From here, it says that encryption in Benaloh's scheme takes the form:
$$E_r(m) = y^mu^r\bmod n$$
I'll actually write it as:
$$E_r(m;u) = y^mu^r\bmod n$$
Where $m$ is the message (in $\mathbb{Z}_r$) to be encrypted, and $u\in\mathbb{Z}_n^*$ should be uniformly random. The other parameters $y, r, n$ are of course important for the scheme, but will not be important to discuss the additive homomorphic properties of the scheme.

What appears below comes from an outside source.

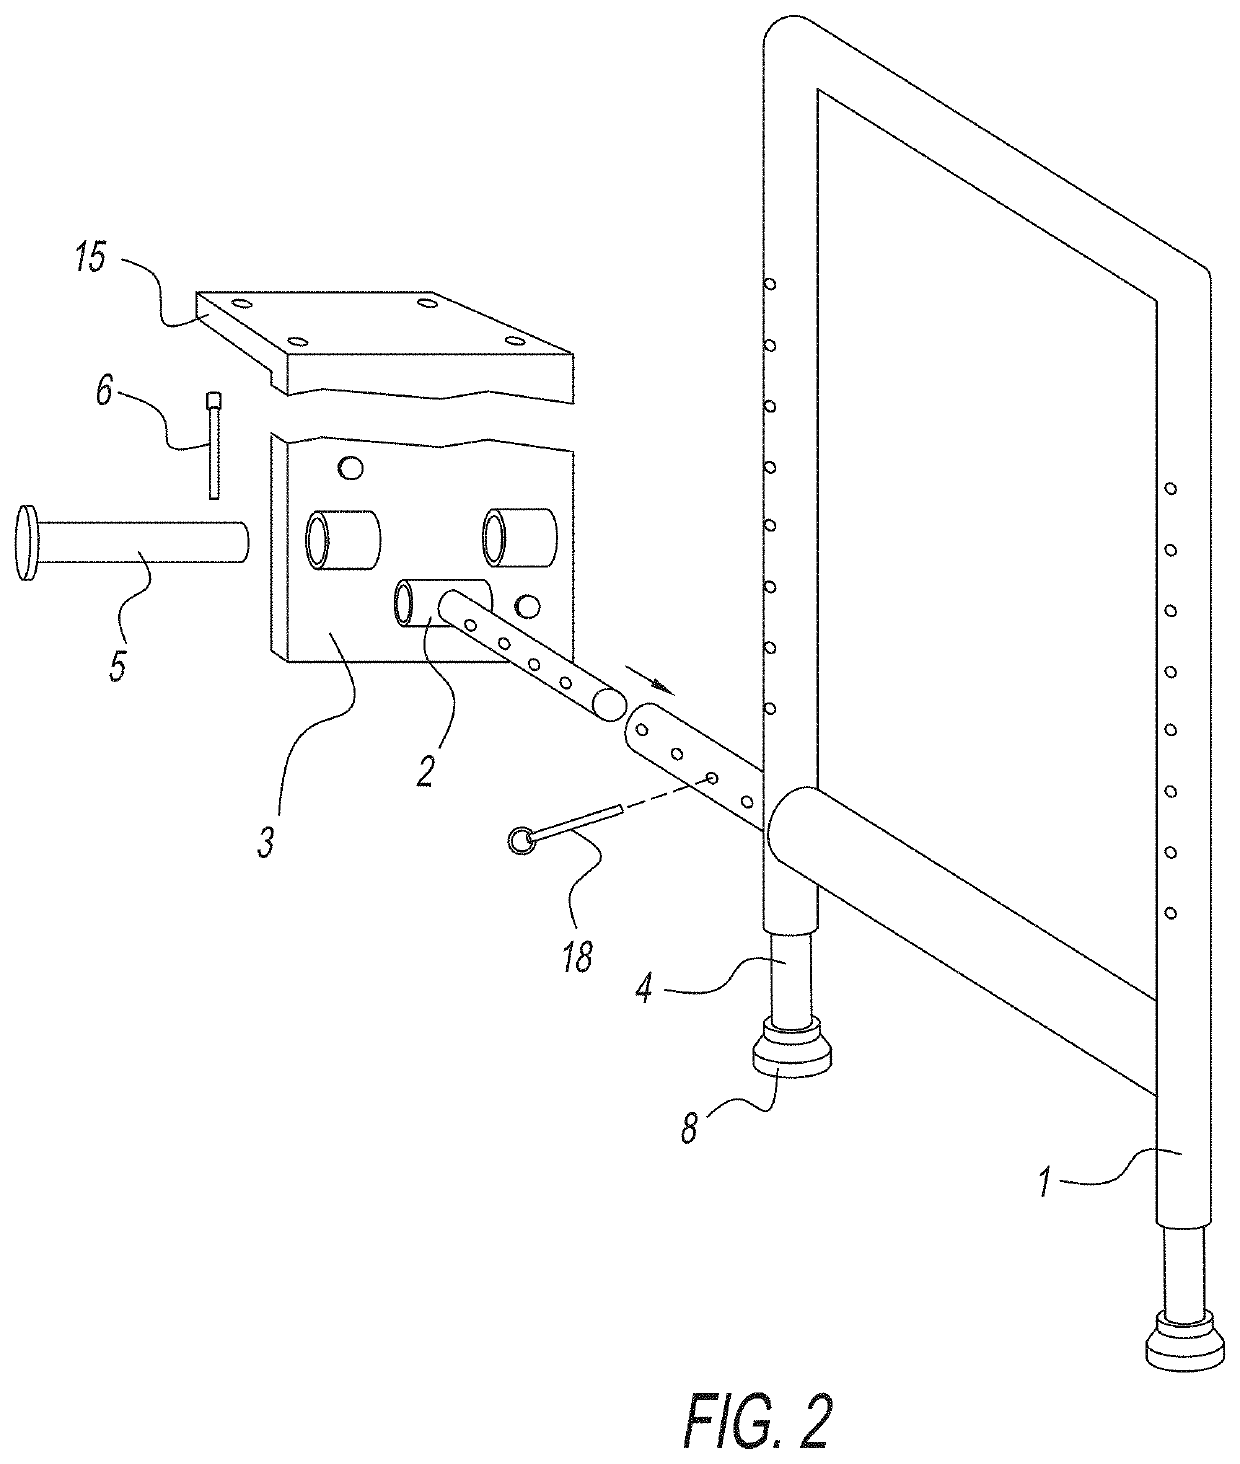 Watercraft stabilizing device for personnel boarding or exiting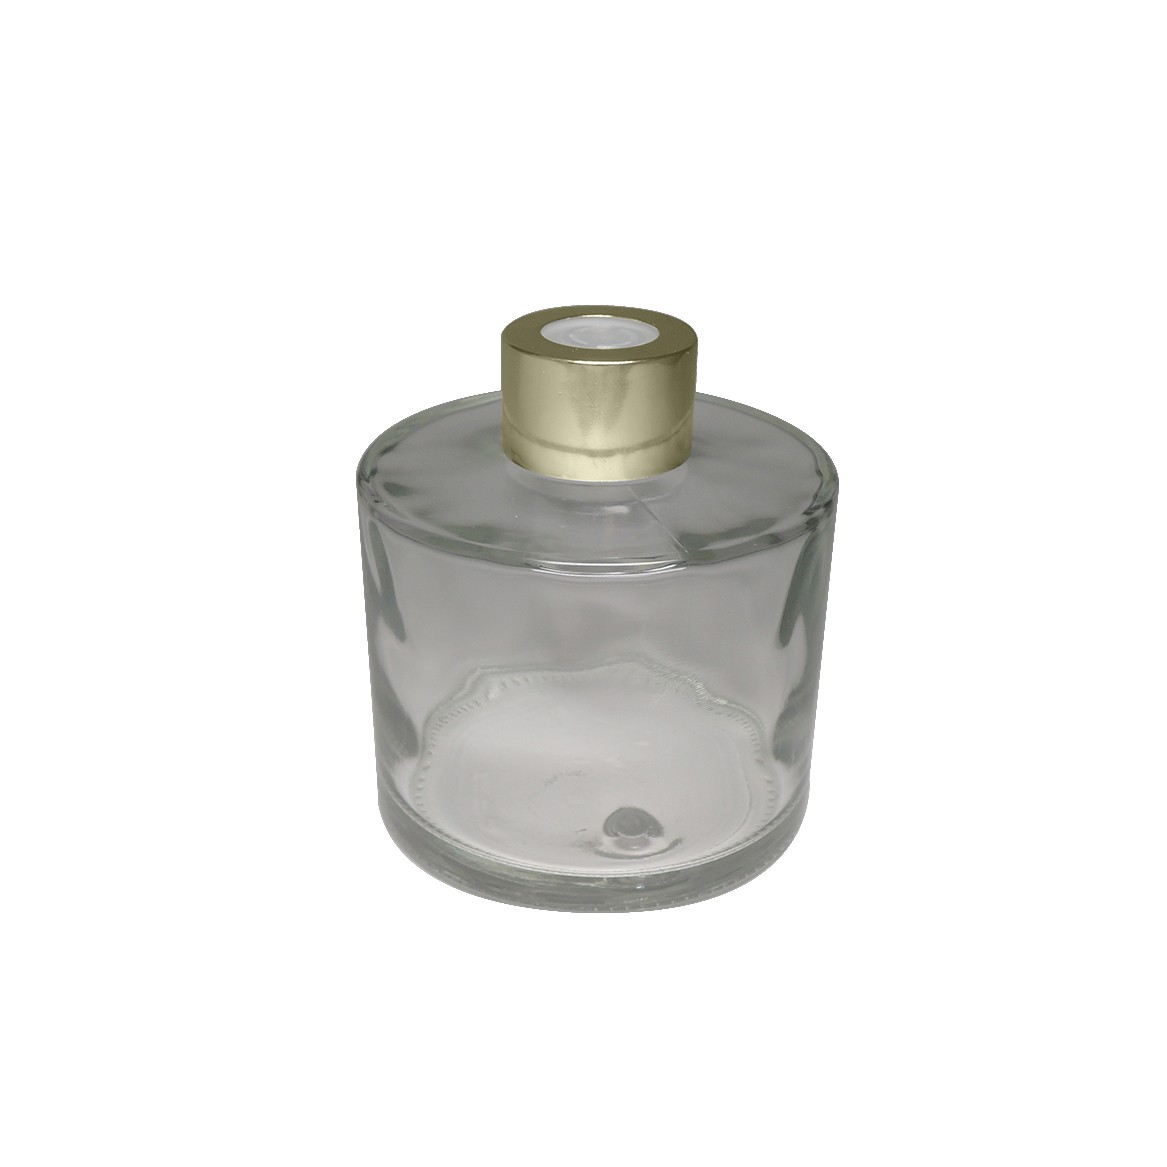 Feel Fragrance Glass Diffuser Bottles Diffuser Jars with Caps Fragrance Accessories Use for DIY

The trick here is to note that messages are "in the exponent". So if we want to add the messages, we'll have to multiply the ciphertexts. If we do this, we'll see that:
$$E_r(m_0)E_r(m_1) = (y^{m_0}u_0^r)(y^{m_1}u_1^r) = y^{m_0+m_1}(u_0u_1)^r\bmod n = E_r(m_0+m_1;u_0u_1)$$
This will be a valid Benaloh ciphertext of $m_0+m_1$ (we technically should verify that $u_0u_1$ is distributed uniformly randomly over $\mathbb{Z}_n^*$, but this is not difficult).
Note that this homomorphic property is very similar to that of (unpadded) RSA, where ciphertexts take the form $E(m) = m^e\bmod N$. Of course there is the difference here that RSA must be padded to be secure, and this padding ususally removes the homomorphic property.